NATIONWIDE — Texas Attorney General Ken Paxton on Tuesday announced a lawsuit filed with the U.S. Supreme Court to overturn election results in the battleground states Wisconsin, Michigan, Georgia, and Pennsylvania.


What You Need To Know

  • Texas Attorney General Ken Paxton seeking to overturn election results in four battleground states

  • President Trump and 17 states have joined lawsuit

  • Texas Sen. John Cornyn, a Republican, questioned lawsuit's "legal theory"

  • U.S. Supreme Court ordered states to respond to lawsuit by Thursday afternoon 

President-elect Joe Biden won the four states.

Since then, President Donald Trump and 17 states have signed on to the long-shot lawsuit.

Not all Republicans are in agreement on its merits, however.

Appearing on CNN this week, Texas Sen. John Cornyn, a Republican who secured re-election in November, questioned how legally sound the suit is.

"I frankly struggle to understand the legal theory of it. Number one, why would a state, even such a great state as Texas, have a say-so on how other states administer their elections?” he said. “We have a diffused and dispersed system and even though we might not like it, they may think it's unfair, those are decided at the state and local level and not at the national level.”

Cornyn isn’t alone in his criticism. Utah Sen. Mitt Romney, a Republican who has frequently criticized President Trump, likened the lawsuit to “madness.”

"It's just simply madness. The idea of supplanting the vote of the people with partisan legislators is so completely out of our national character that it's simply mad,” he said.

Perhaps most interestingly, Rep. Chip Roy, a Republican who represents Texas's 21 congressional district and who has been a fairly staunch Trump supporter, came out against the lawsuit Thursday in a series of tweets. 

Roy wrote, in part, “Today, a number of my colleagues will be filing an amicus brief in support of the lawsuit filed by the State of Texas regarding the election results of several other states. Respectfully, I will not join because I believe the case itself represents a dangerous violation.”

The court issued an order giving the four states until 3 p.m. EST Thursday to respond to the lawsuit.

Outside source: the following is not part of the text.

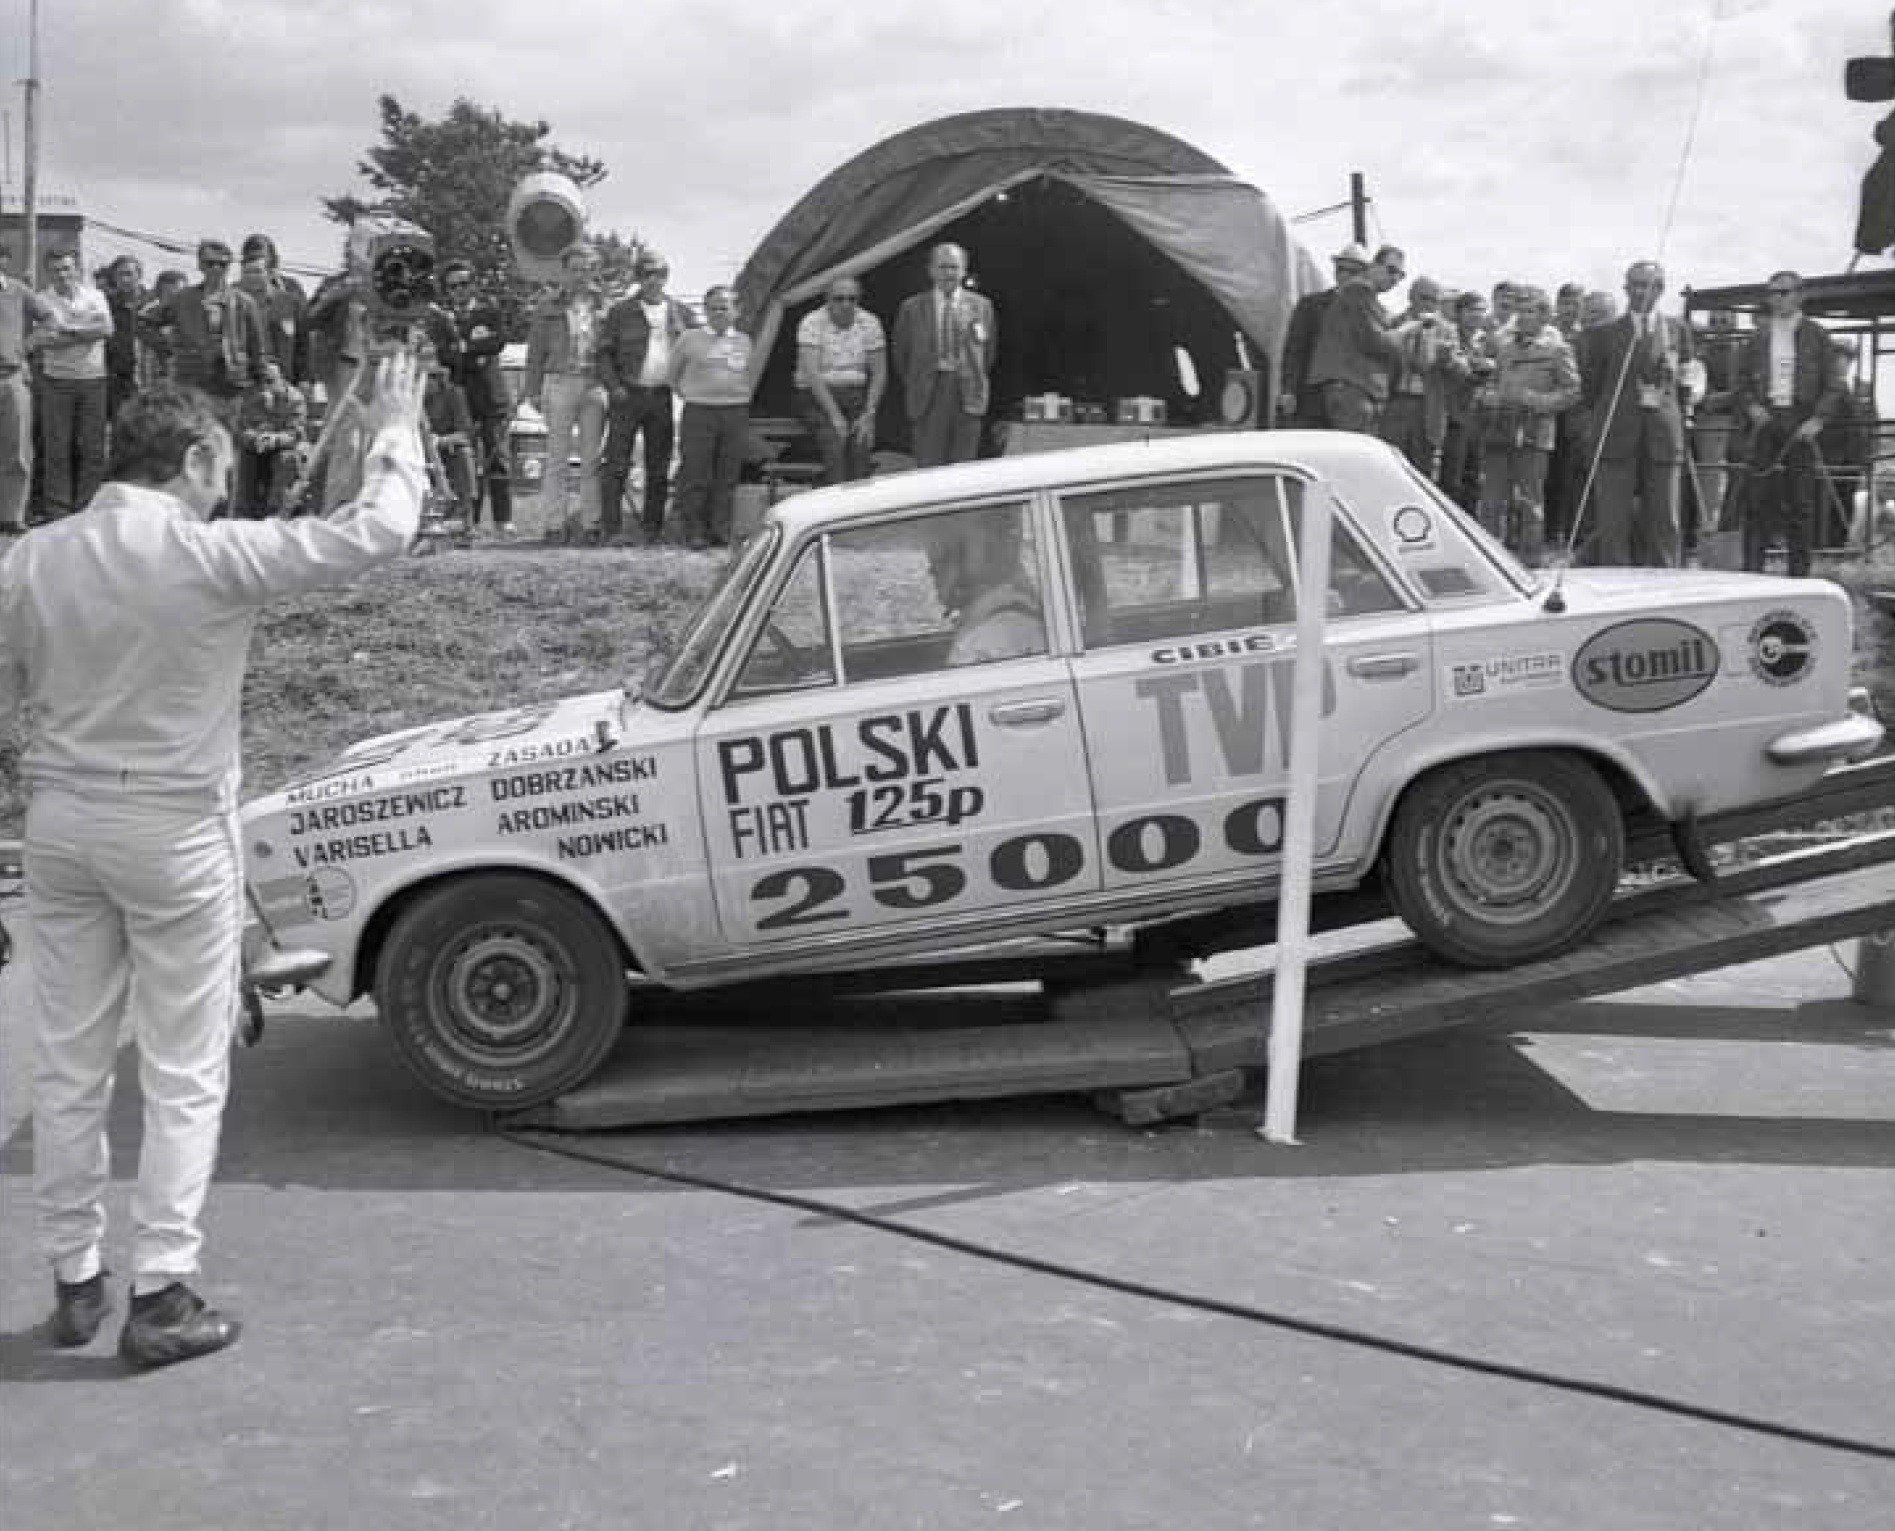  Jubileusz 50-lecia Rekordów Polskiego Fiata

According to a news release concerning the lawsuit, Paxton claims the four states “exploited the COVID-19 pandemic to justify ignoring federal and state election laws and unlawfully [enacted] last-minute changes, thus skewing the results of the 2020 General Election.”

“Trust in the integrity of our election process is sacrosanct and binds our citizenry and the States in this union together. Georgia, Michigan, Pennsylvania and Wisconsin destroyed that trust and compromised the integrity of the 2020 election,” Paxton said.

The deadline for states to appoint presidential electors is December 14, and election officials have repeatedly denied that fraud occurred.

No evidence of widespread voter fraud has surfaced.

Out of the roughly 50 lawsuits filed around the country contesting the November 3 vote, Trump has lost more than 35 and the others are pending, according to an Associated Press tally.

Paxton has been under indictment since 2015 in connection to felony security fraud charges and, according to the Associated Press, is being investigated by the FBI after it was alleged by members of his own staff that he used his position to illegally benefit a donor. 

The Associated Press contributed to this report.